> _PROVIDED MATERIAL_:
· · · ·
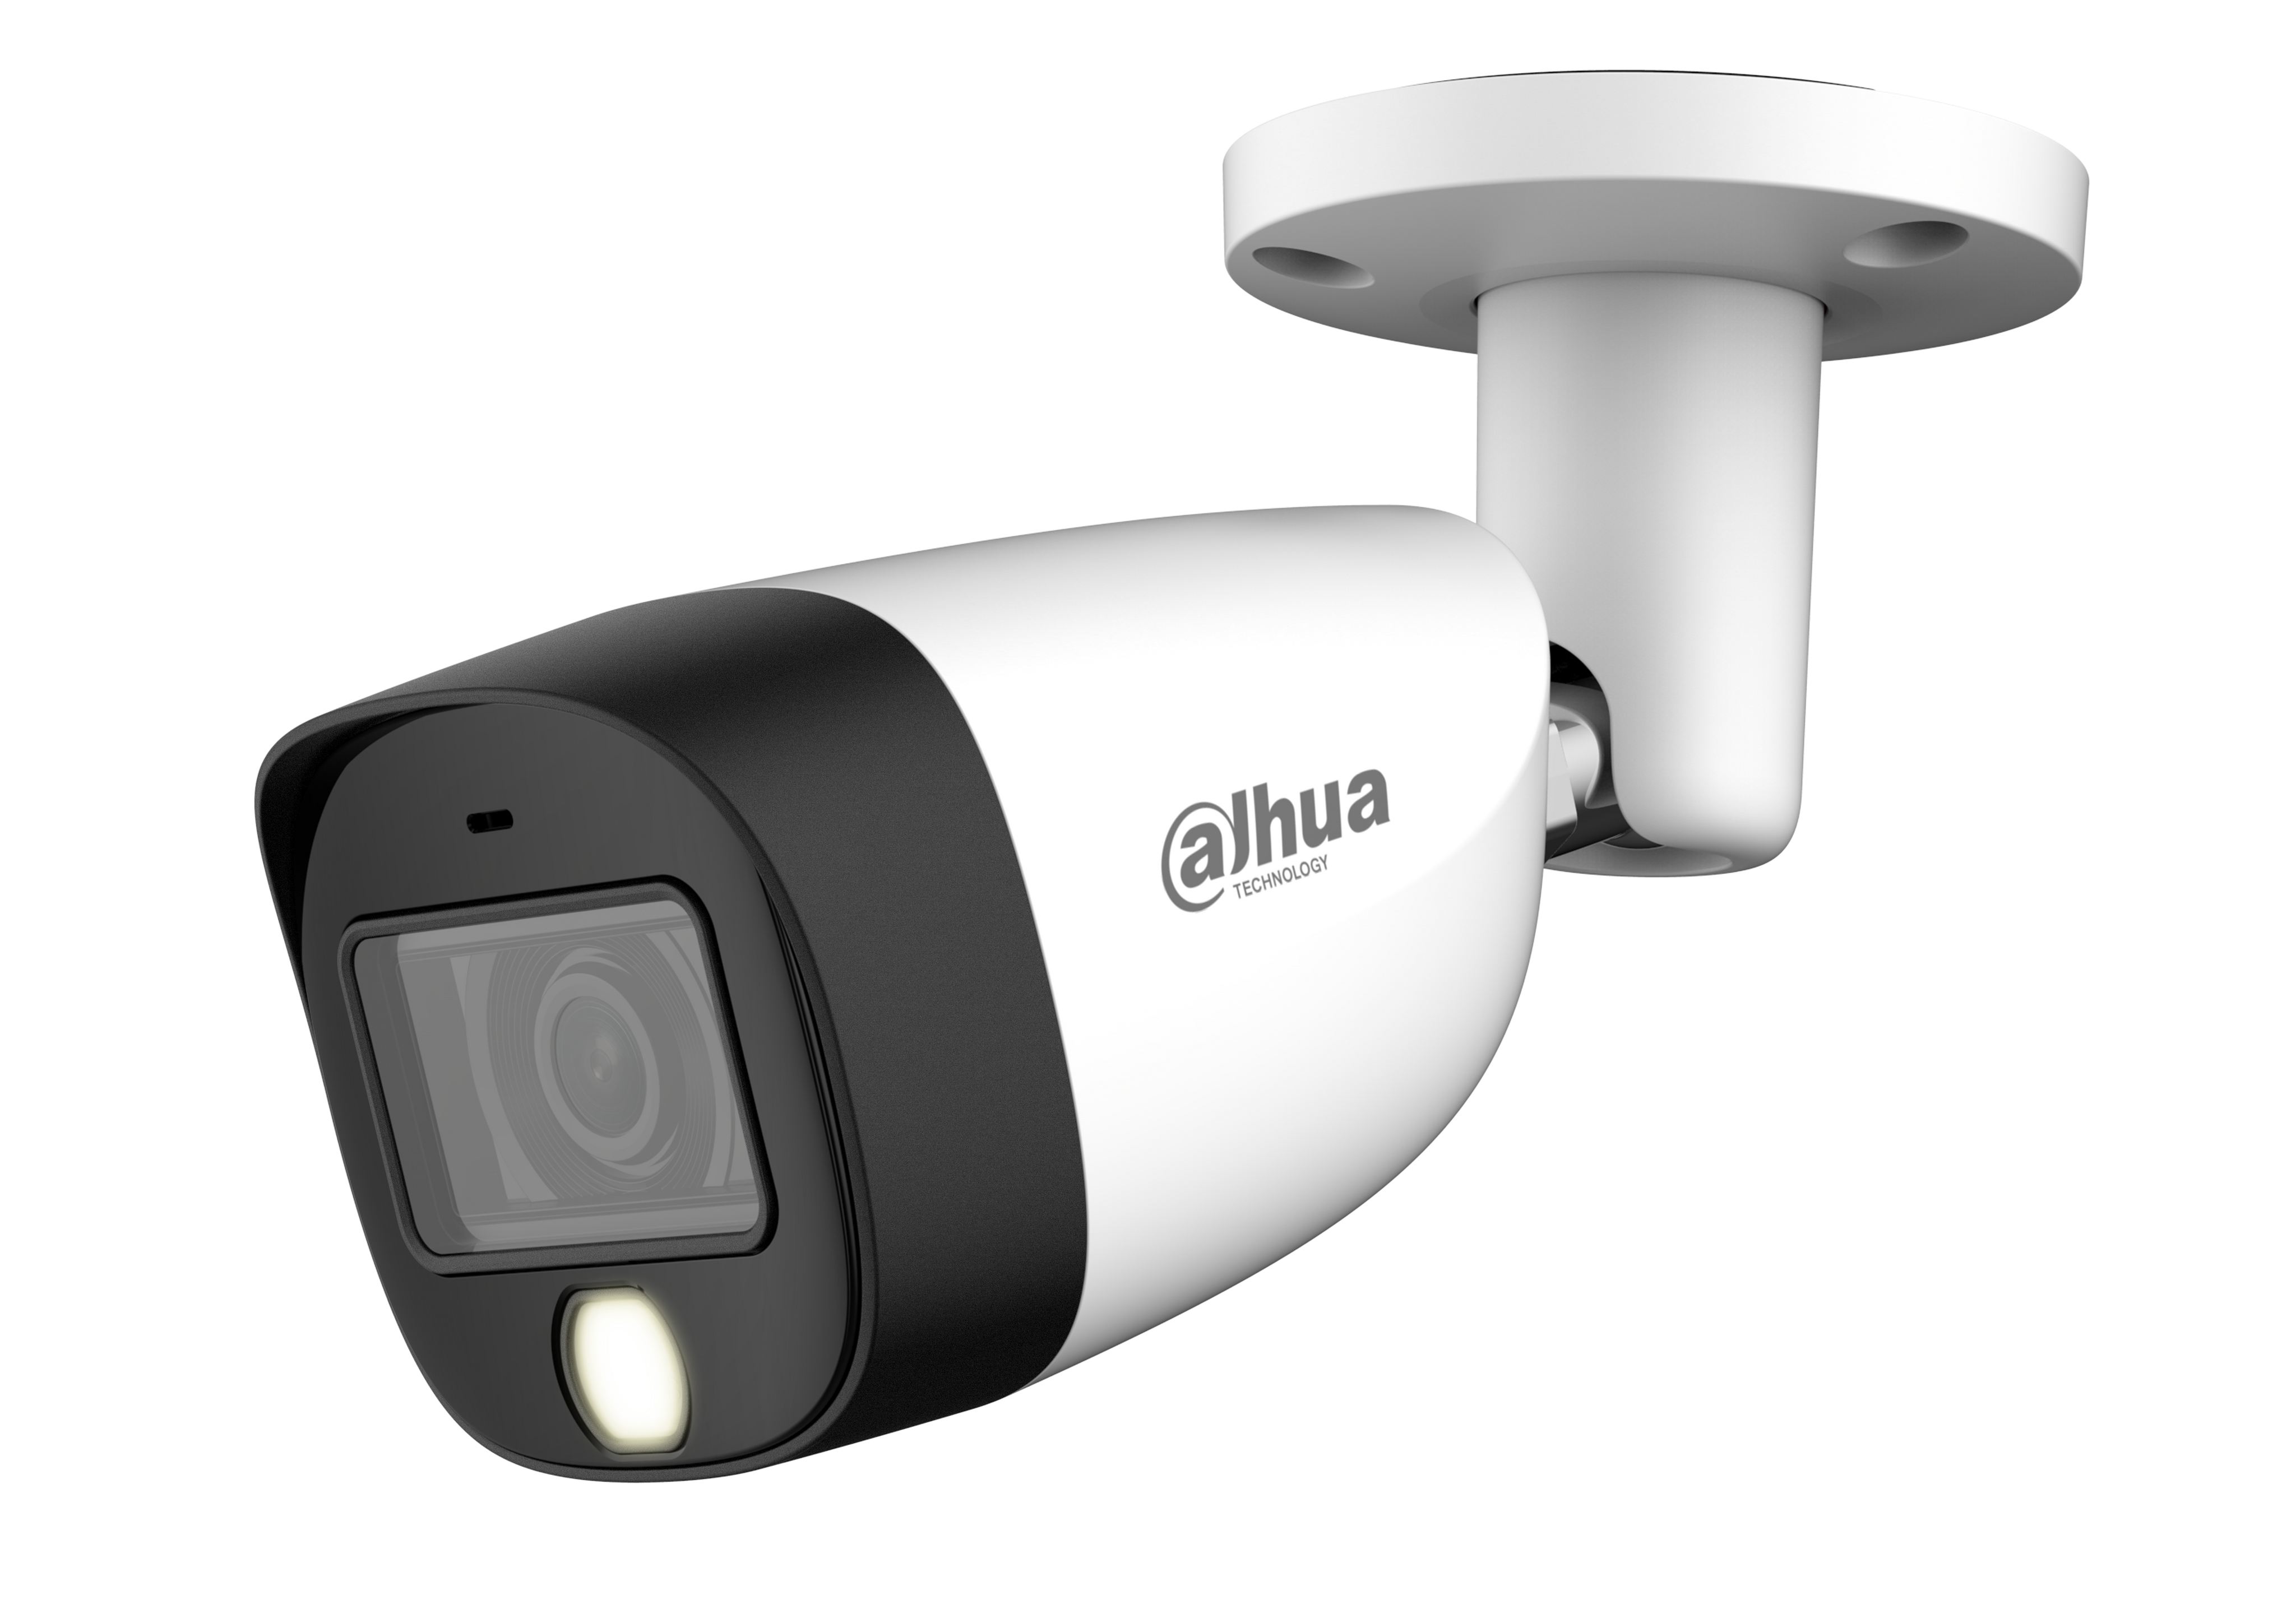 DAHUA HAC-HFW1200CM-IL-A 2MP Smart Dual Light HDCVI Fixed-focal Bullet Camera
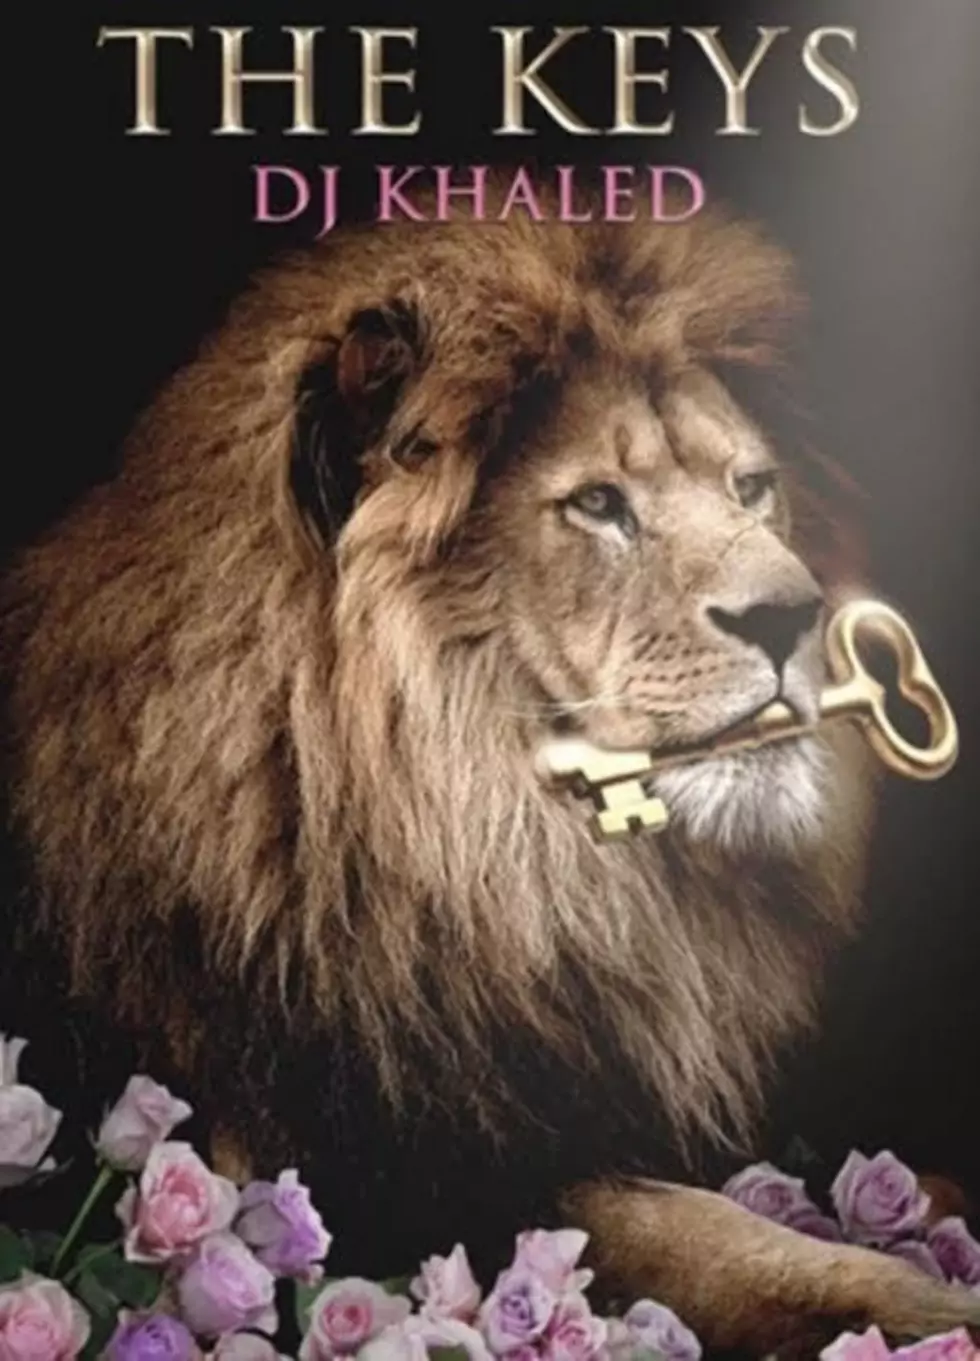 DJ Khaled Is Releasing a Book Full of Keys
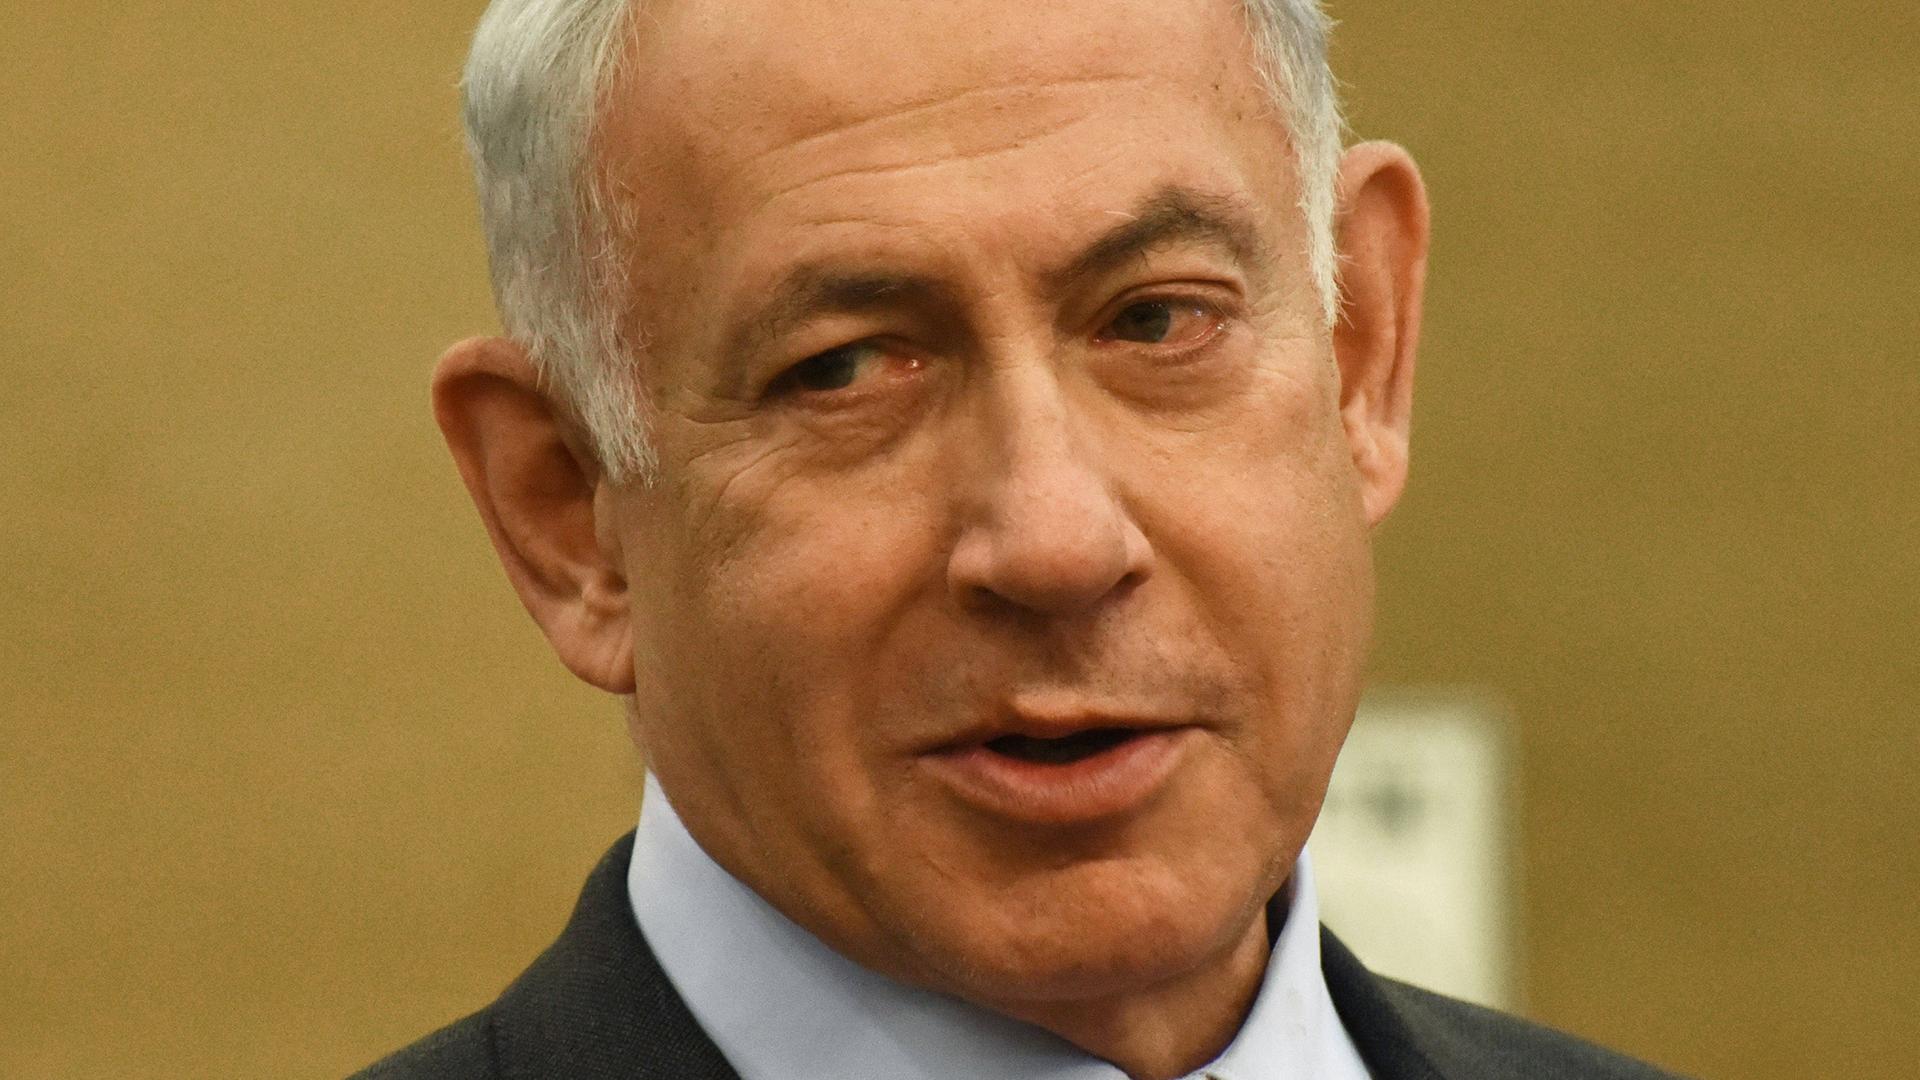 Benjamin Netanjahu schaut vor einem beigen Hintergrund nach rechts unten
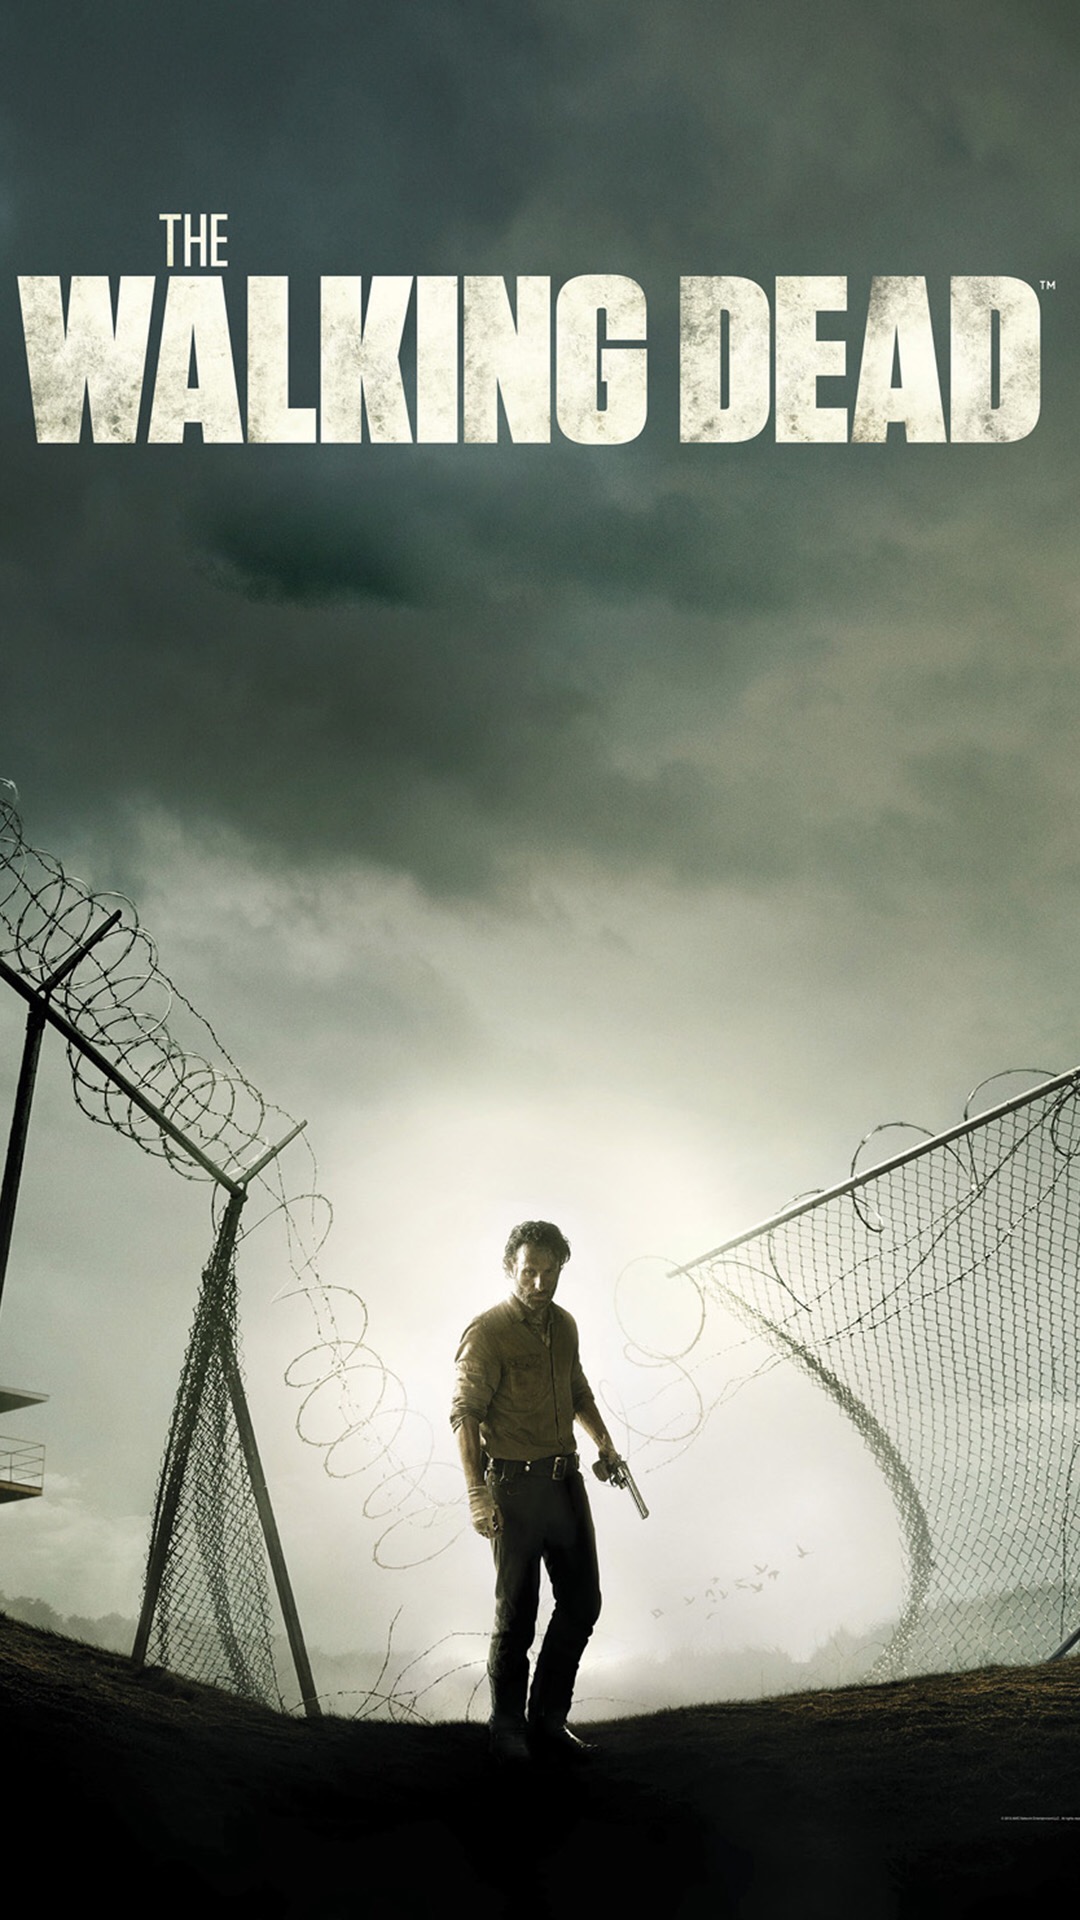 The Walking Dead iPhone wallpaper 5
· · · ·
> _WHAT IS EXPECTED_: The data above, line by line: transcribe it exactly and drop the pictures.

> _REPLY_:
 DAHUA HAC-HFW1200CM-IL-A 2MP Smart Dual Light HDCVI Fixed-focal Bullet Camera
 DJ Khaled Is Releasing a Book Full of Keys
 Benjamin Netanjahu schaut vor einem beigen Hintergrund nach rechts unten
 The Walking Dead iPhone wallpaper 5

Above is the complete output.